Crítica: "Meu Malvado Favorito 3" usa nostalgia para renovar vilões
Dois anos após o hit "Minions" (2015), nova animação da Universal narra encontro de Dru com irmão gêmeo e surgimento de vilão nostálgico

Em “Meu Malvado Favorito 3”, a nostalgia é vilã. Dois anos após o sucesso de “Minions” (2015), que elevou o status de popularidade da franquia ao arrecadar US$ 1,159 bilhão, Dru (voz de Leandro Hassum na versão brasileira) enfrenta um sujeito bigodudo que se recusa a largar os anos 1980.
Terceira franquia de animação mais lucrativa de Hollywood, “Meu Malvado Favorito” vingou como uma espécie de releitura de “Shrek”. Não tem a profundidade filosófica dos filmes da concorrente Pixar, mas compensa na extravagância lúdica: traços acessíveis e uma narrativa que atrai e diverte crianças (a fofura dos Minions como estratégia principal) e adultos (referências pop, autoironia).
Ele arquiteta um plano para destruir Hollywood, a cidade que primeiro o consagrou e depois o condenou ao anonimato.
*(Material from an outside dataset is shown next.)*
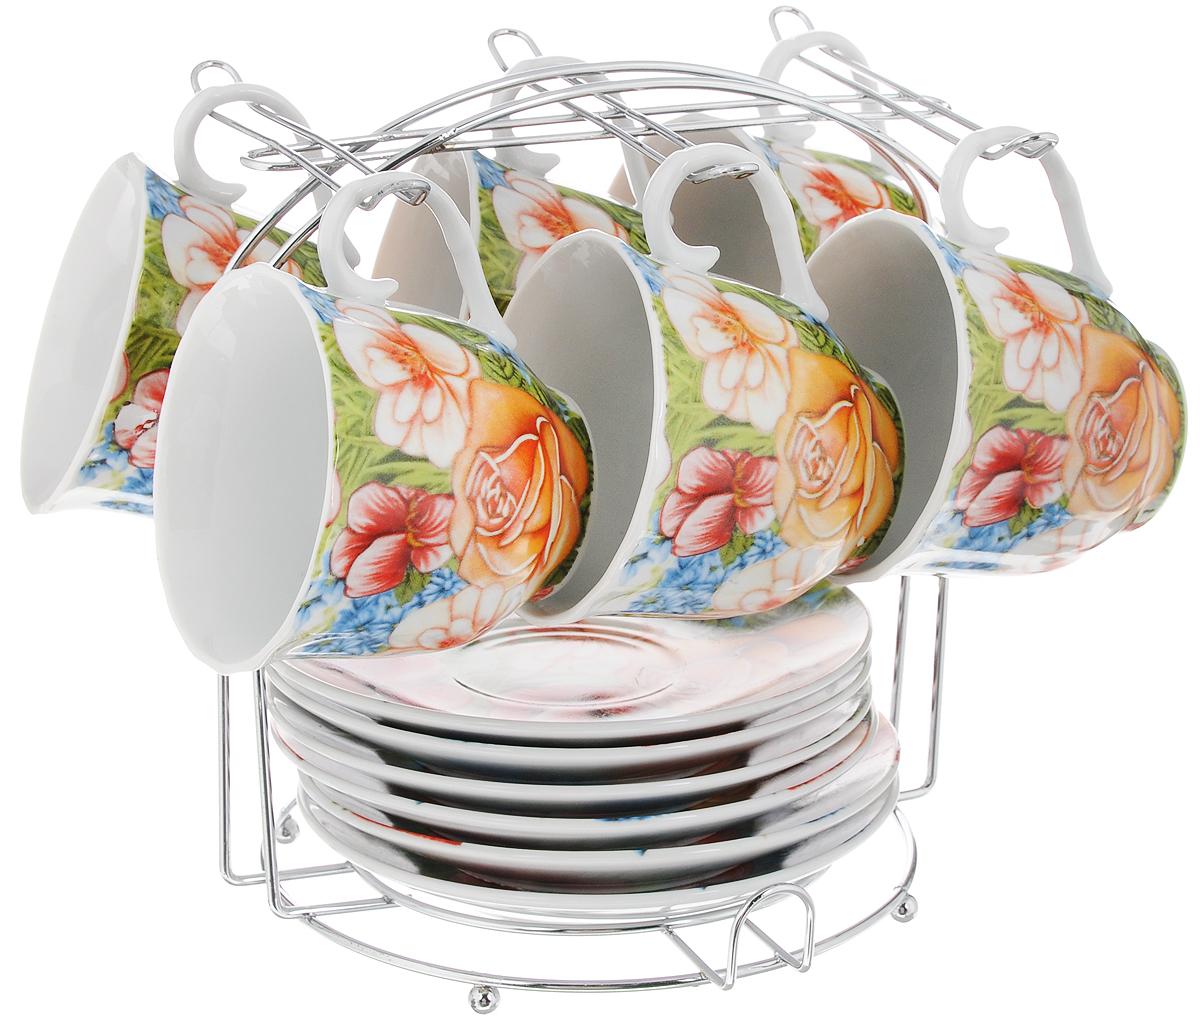 Набор чайный Bella, на подставке, 13 предметов. DL-F6MS-022DL-F6MS-022Набор Bella состоит из шести чашек и шести блюдец, изготовленных из высококачественного фарфора. Чашки оформлены красочным рисунком. Изделия расположены на металлической подставке. Такой набор подходит для подачи чая или кофе.Чайный набор Bella - идеальный и необходимый подарок для вашего дома и для ваших друзей в праздники.Объем чашки: 220 мл. Диаметр чашки (по верхнему краю): 8 см. Высота чашки: 7,5 см. Диаметр блюдца: 14 см. Высота блюдца: 2 см.Размер подставки: 17,5 х 17,5 х 19 см.

Eis as armas de Bratt: passos de dança, um exército de brinquedos (baseados nele próprio, claro) e gomas de mascar capazes de engolir uma cidade inteira.
Um bom vilão, mas pouca ambição
Uma pena que tais artefatos só pareçam engraçados na primeira aparição. Para completar o arsenal bélico, Bratt furtou um diamante que o ajudará a reforçar o poder de fogo de um robô Bratt gigante. Sim, a ideia é pisotear Hollywood mascando chicletes e disparando tiros de laser.
Enquanto Bratt é desenvolvido como o personagem mais minimamente empolgante da trama, Dru descobre um irmão gêmeo gente boa. Gru é Dru do avesso: loiro, alegre e sem a verve vilanesca.
Inventar um parente próximo justo agora, no terceiro filme, mostra o quanto a franquia “Meu Malvado Favorito” anda preguiçosa. Qualquer boa ideia – como o vilão nostálgico – esgota com a velocidade de uma piada sem graça, mas repetida a esmo.
“Meu Malvado Favorito 3” reúne até citações a “Star Wars”, “Sing” (filme também do estúdio Universal) e “Procurando Nemo” (da Pixar) para arejar o roteiro. Pudera.
Até os Minions parecem escanteados. Ganham uma trama paralela que pouco tem a ver com a historinha de Dru, Gru e Bratt, numa manobra esperta de equilibrar o eixo principal (que talvez aborreça crianças pequenas) com esquetes.
Para uma franquia tão cara e colorida, a falta de imaginação chega a impressionar. Resta saber até quando o público vai ter esses personagens como seus malvados favoritos.